How about a little time traveling today? We're setting the WayBack Machine for some skinny-ski fun in Northern Arizona's beautiful San Francisco Peaks. You might think I'm crazy, but the Peaks have some of my all-time favorite backcountry skiing terrain. Plus—as is so evident here—fantastically light and dry powder snow.

The San Francisco Peaks are the remnants of a big volcano that blew its top long ago. Geologists speculate the mountain stood around 16,000' high before the big boom. On the plus side, the explosion created Inner Basin, a giant, horseshoe-shaped basin which is what remains of the original volcano's crater.

Inner Basin is easily accessed via the Arizona Snow Bowl's main chairlift, which gets you within 500 vertical feet of the rim. Drop down the backside into backcountry skiing paradise, including Core Ridge, which features the steepest terrain on the entire mountain (for more color on this exciting part of the Peaks, check out Falling Headfirst Down an Ice Cliff ).

The video features me (red and blue jacket, teal pack) and friends skiing Inner Basin back in March 1990(!), including a traverse along Core Ridge to a steep north-facing couloir we named "Powell's Prayer" in honor of a big fall our friend took down it on what might have been the first descent. It's possible another Flagstaff skier beat us to it all the way back in the 1970's; however, there are many north facing couloirs off Core Ridge, so there was some confusion as to which one he'd actually skied.

During this trip I set my all-time Big Air record: about 30 vertical feet. I know—not much by today's standards. On the first pass, I approached the headwall tentatively and barely cleared the snow. So I hit it again, this time determined to take flight by ramping up my speed. Unfortunately (or fortunately, depending on your point of view), I flew well beyond the landing zone and bombed into the flats.

This inspired two friends behind me to go big as well, with mostly similar results. After that, we traversed to the couloir, which probably averaged 45° in steepness and pinched down to right around 205cm at the choke point—coincidentally the length of my vintage Rossi GS boards. Ah, good times. Enjoy the video!

— October 31, 2009

Andy Lewicky is the author and creator of SierraDescents

Mike November 2, 2009 at 7:52 am

Blowin' cold smoke... Beautiful man.

Dan Conger November 3, 2009 at 6:02 pm

Cool video. One of the things about the southwest (I mean So Cal on into Arizona) is that there really is some fantastic terrain down there. But, at average snowfall less than 200" a year just doesn't provide adequate, consistent coverage for terrain like that ... especially when you couple that small snowpack with the intense sunshine that tends to burn the slopes to oatmeal in the afternoons even in January. I'll have to get down and do some hikers out of the Arizona Snowbowl sometime ...

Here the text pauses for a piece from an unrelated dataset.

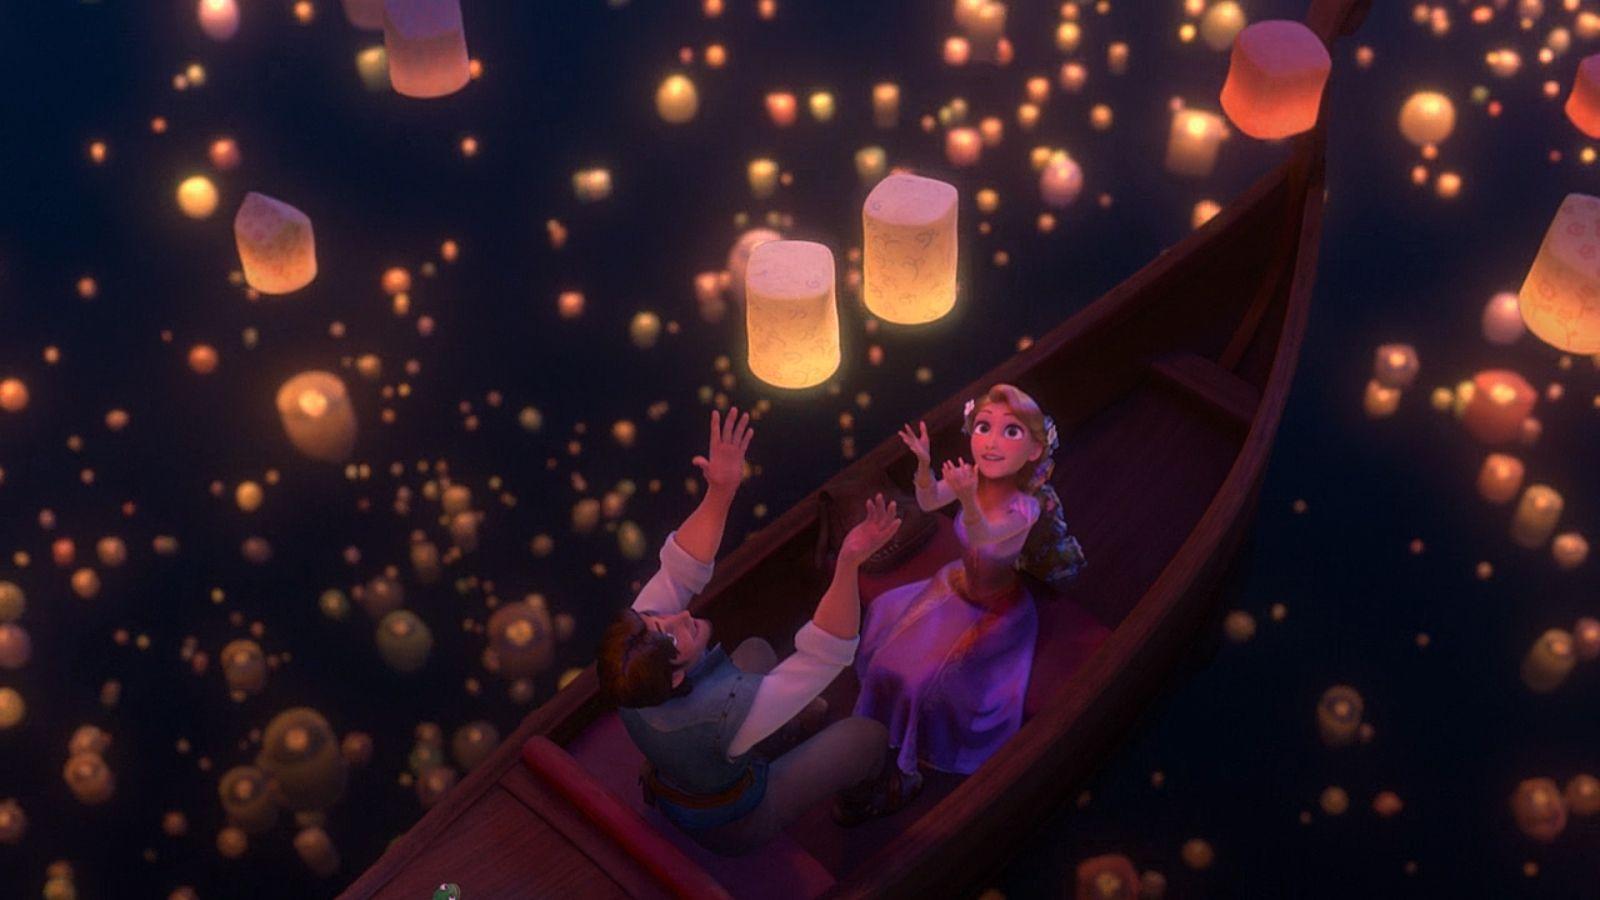 Magic - from Tangled | Rapunzel | Pinterest | Tangled wallpaper, Hd ... for Rapunzel Tangled Lantern Wallpaper  67qdu

Bill November 3, 2009 at 10:40 pm

Ah, man. Loved it.

Andy November 4, 2009 at 9:34 am

Dan, an El Nino year can put 400+ inches of snow on the San Francisco Peaks.

Bill, looking back at those shots of powder billowing up against the sky, I sometimes think I was crazy to ever leave that mountain. :)

Dan Conger November 4, 2009 at 9:56 am

Well, hopefully this year's El Nino pans out then. I'd love to hit Waterman, Baldy, and other southern spots during a year when the terrain is actually covered.